Ok, we spent long enough talking about this ride, it’s time to get something in the calendar.

The Plan – Ride Bikes, Drink Beer, & Eat Curry.

The Route – TBC, but will involve some off road cycling(Mtbs required, leave the 23s at home!), and some fine Real Ale establishments.

So……
·         When? – Saturday 14th September 2013 – Wheels turning 120V sharp. Pre ride espressi @ Silks Café from 1130.

·         Where? – Shifnal, Shropshire

·         Why? – Why not?

This promises to be a highlight of the 2013 cycling Calendar.
Who’s in?

Saturday, 20 April 2013

Uncharted Territory

Tynemouth Castle
As much as I love the variety of cycling that Shropshire offers, it’s always nice to cycle somewhere new. New roads mean new challenges, and unexpected terrain to keep up on your toes.

Earlier in the week a business trip to Newcastle offered up the perfect opportunity to venture further afield. Just knowing that I had a ride to look forward to once we’d finished for the day made the ludicrously early start almost bearable.

Meetings completed, and hotel found, it was time to put the bike back together and hit the road. My plan was simple. Head from Newcastle city centre along the northern banks of the Tyne, then turn left and up the coast. Riding along the coastline always takes me back to my younger days when I lived on the Kent coast, seemingly a million miles away from the landlocked county of Shropshire.

The following two hours served to illustrate why I love cycling so much. The simple act of pushing the pedals the perfect antidote to the drudgery of the afternoon’s meeting.

Whitley Bay came and went and was so reminiscent of my hometown. A proud seaside town; perhaps not as grand as it once was, but still retaining a certain charm. I turned inland as I reached Blyth in the now fading light.
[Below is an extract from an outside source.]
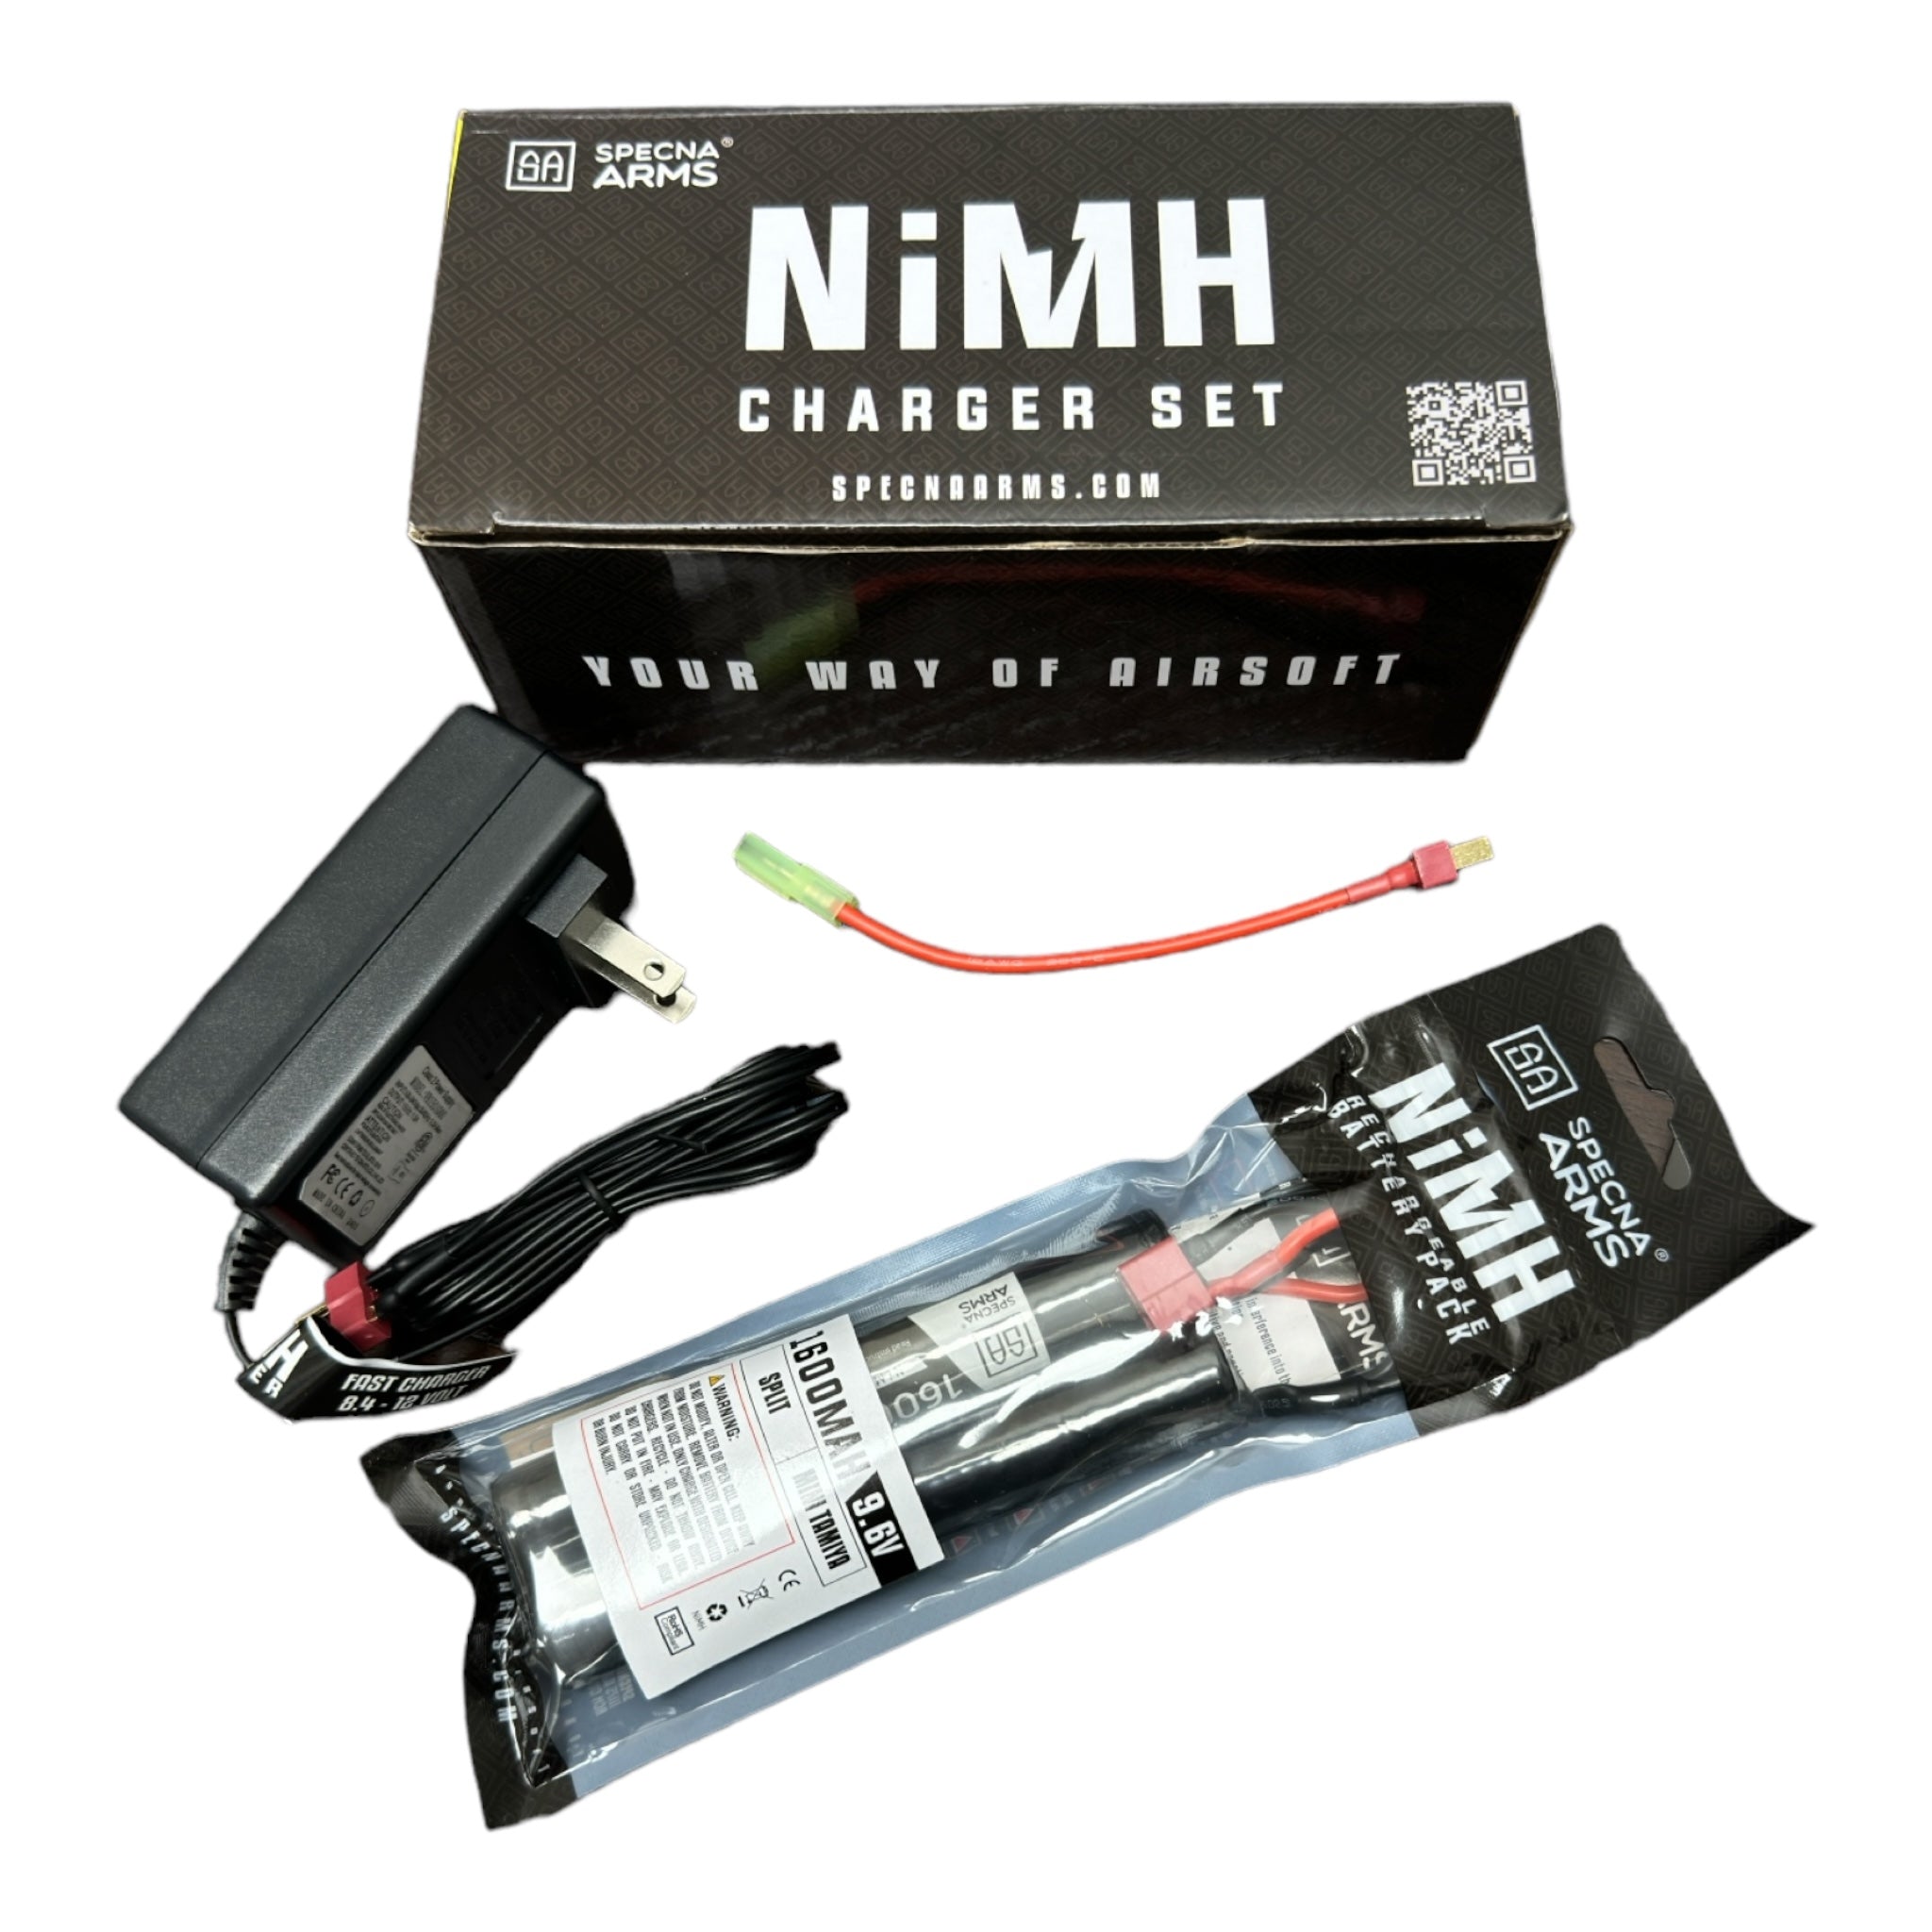 Specna Arms EASY Charger + NiMh 9.6 V 1600 mAh battery KIT - ssairsoft.com
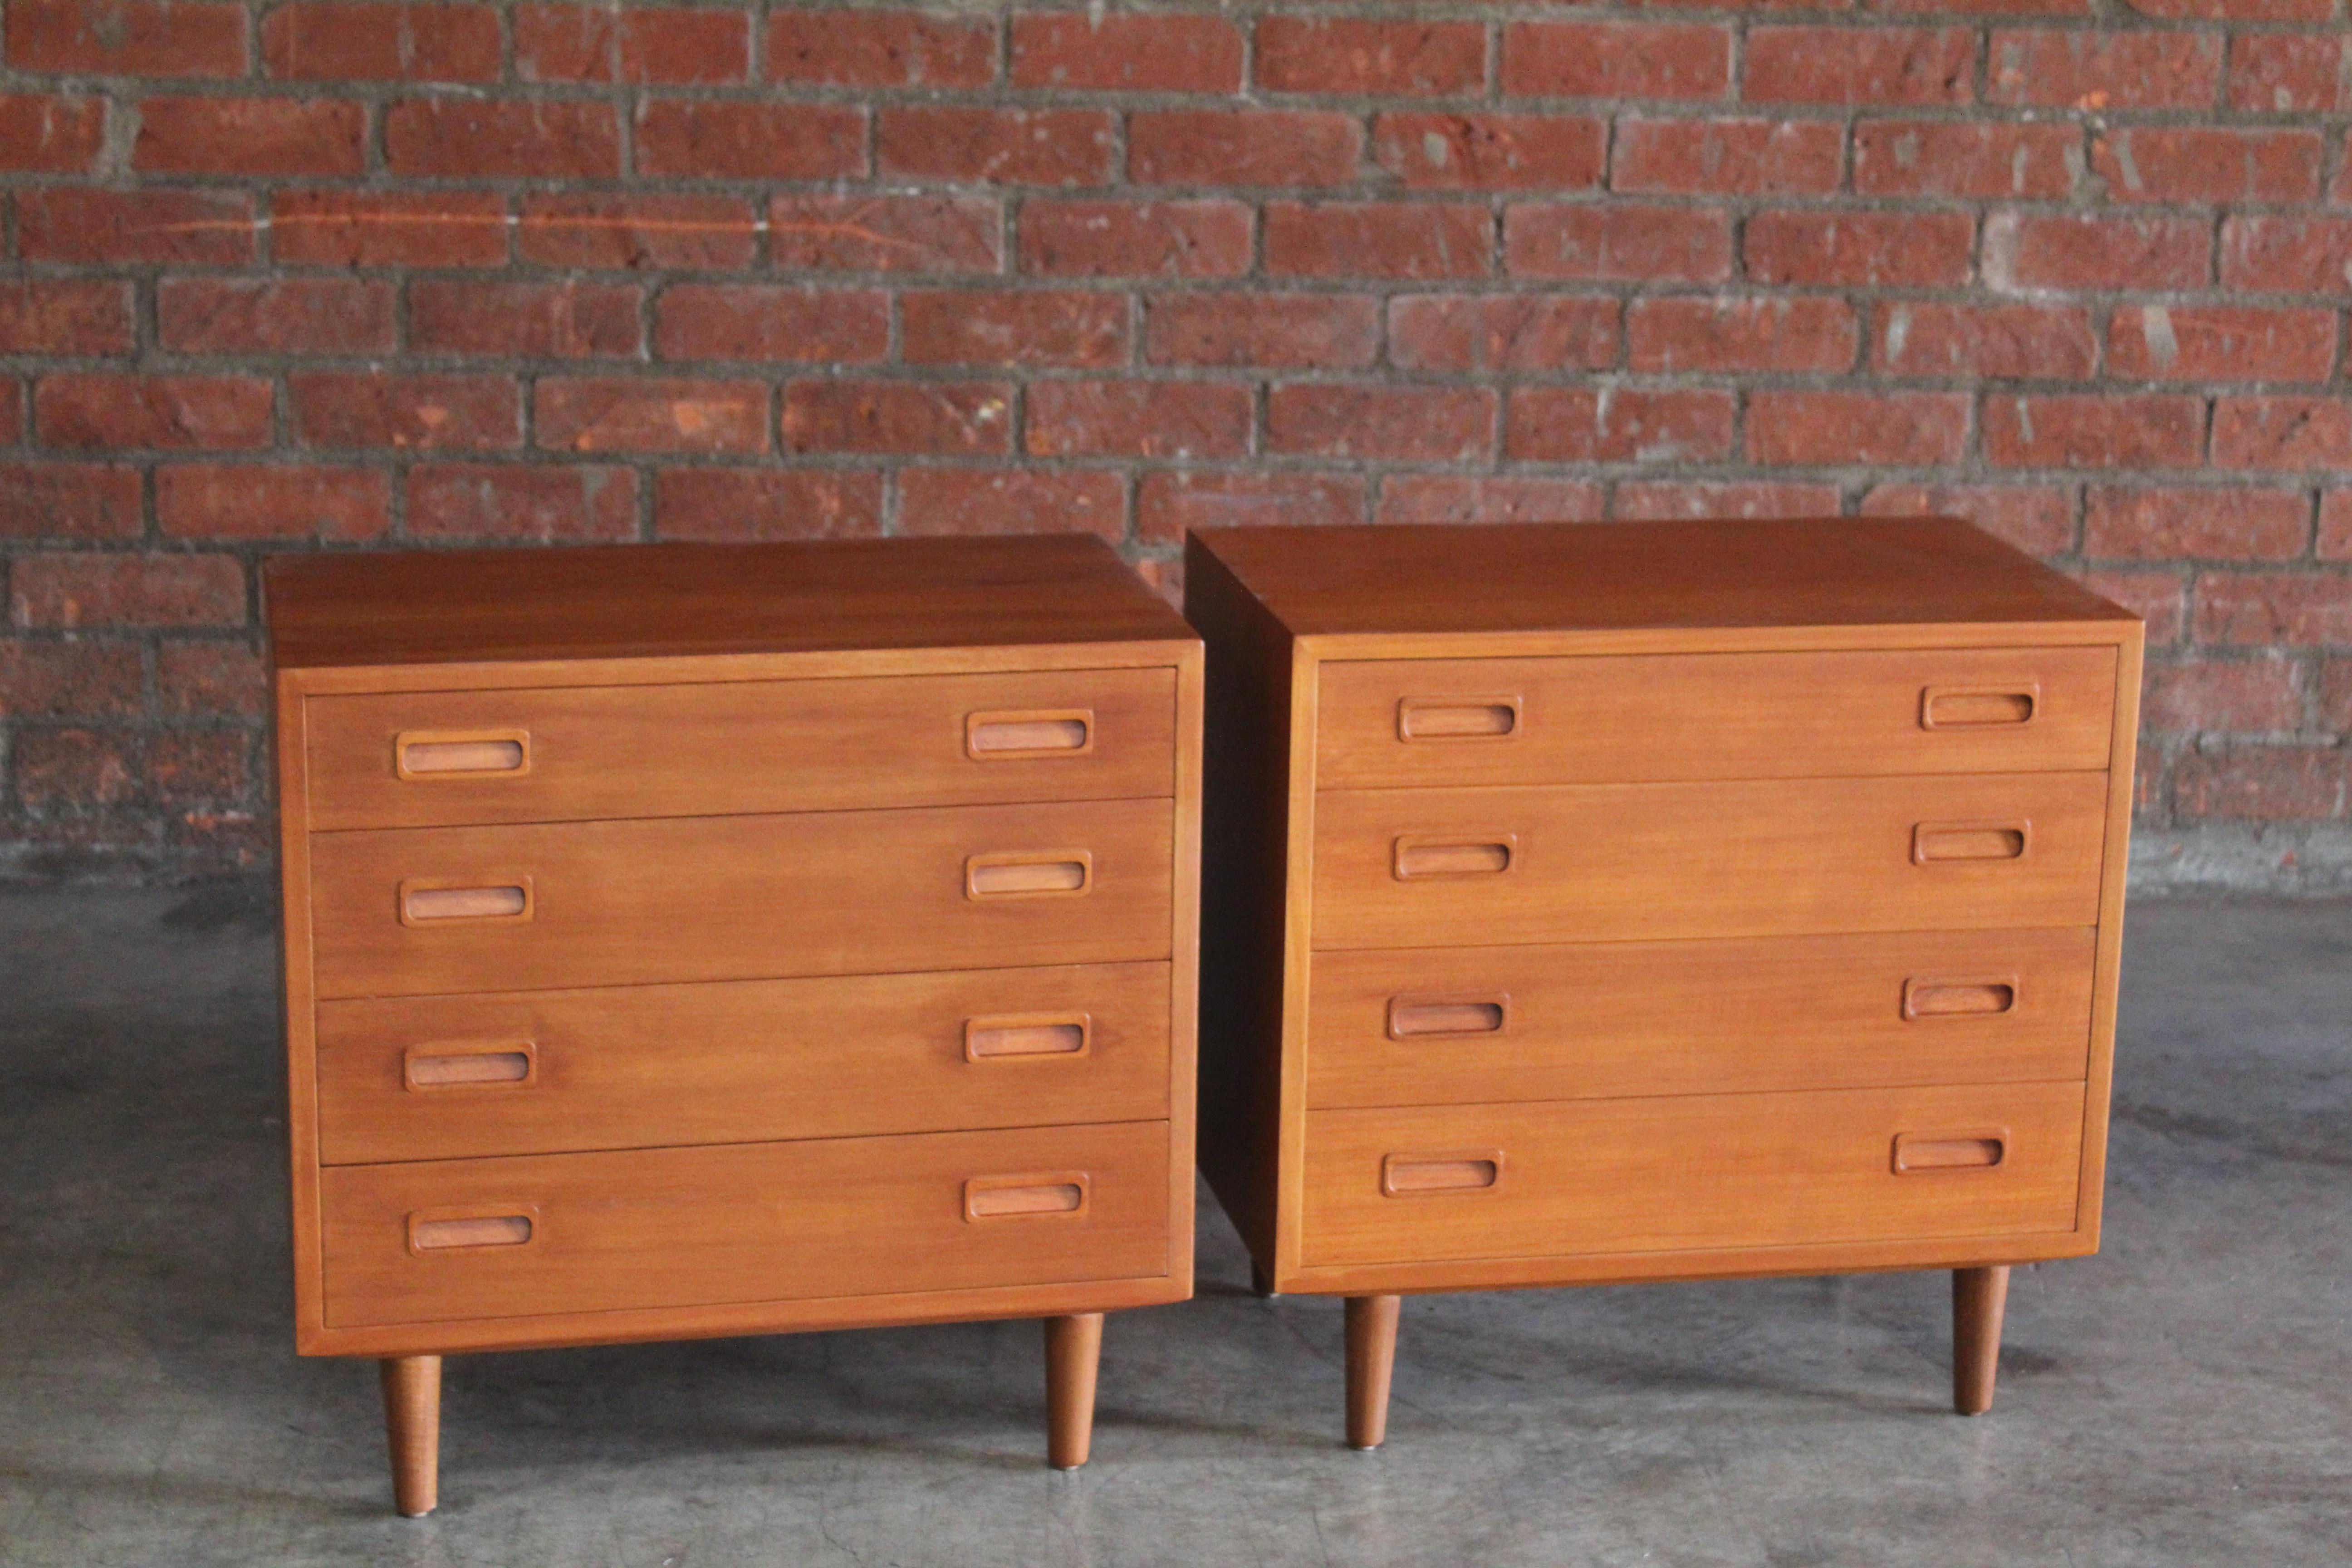 Mid-20th Century Pair of Teak Chests by Poul Hundevad, Denmark, 1960s

The bright lights of the city centre guided me back to my hotel, and a well earned beer.

It’s not what you ride, or where you ride, what’s important is that you do!

Vive la Velo!   

Monday, 8 April 2013

The Hell of the Wrekin – Telford Toothpaste 2013

Getting ready to HTFU

It was as I battled my way through the six inch deep sand which claimed many a victim on the Creamery secteur that I realised just what a special event I was lucky enough to be taking part in. The ‘Toothpaste’, Shropshire’s very own tribute to the greatest one day race in the world, was underway, and was surpassing all I’d hoped it would be.

A couple of hours earlier, over 60 Toothpasters gathered at the event’s start point, shivering from the sub zero temperatures, but all looking forward to what promised to be a special day in the saddle. A loose amalgam of riders, some from local clubs, some from further afield, many I knew, more that I didn’t.

Organised largely via social media, by the man known to many only as Teddy Smerckx, this was the antithesis of the current love affair with sportives. However, this wasn’t just a glorified club run. Many of the riders were sporting jerseys to mark the event, we had a support crew taking photos (thanks for letting me use them here!), and to top it all we had our very motorcycle outriders. All very pro, and not at all what most of us were used to.
 
The ride itself was over all too quickly, the ever challenging off road secteurs breaking up the relative calm offered by the tarmac. The final secteur along the cycle path which tracks the River Severn offered up perhaps the perfect metaphor for the entire ride when we came upon a rider limping along who’d suffered yet another puncture. Only a few kms from the finish and a hard earned beer, this was a puncture too far, and all his spare tubes had been used. Mart, my riding partner, did the only decent thing, and passed on a tube to our stricken fellow Toothpaster.
 
Beer, Frites, and Faboo completing his third Paris Roubaix victory followed. The ‘Hell of the Wrekin’ had been a resounding success, and talk had already turned to next year.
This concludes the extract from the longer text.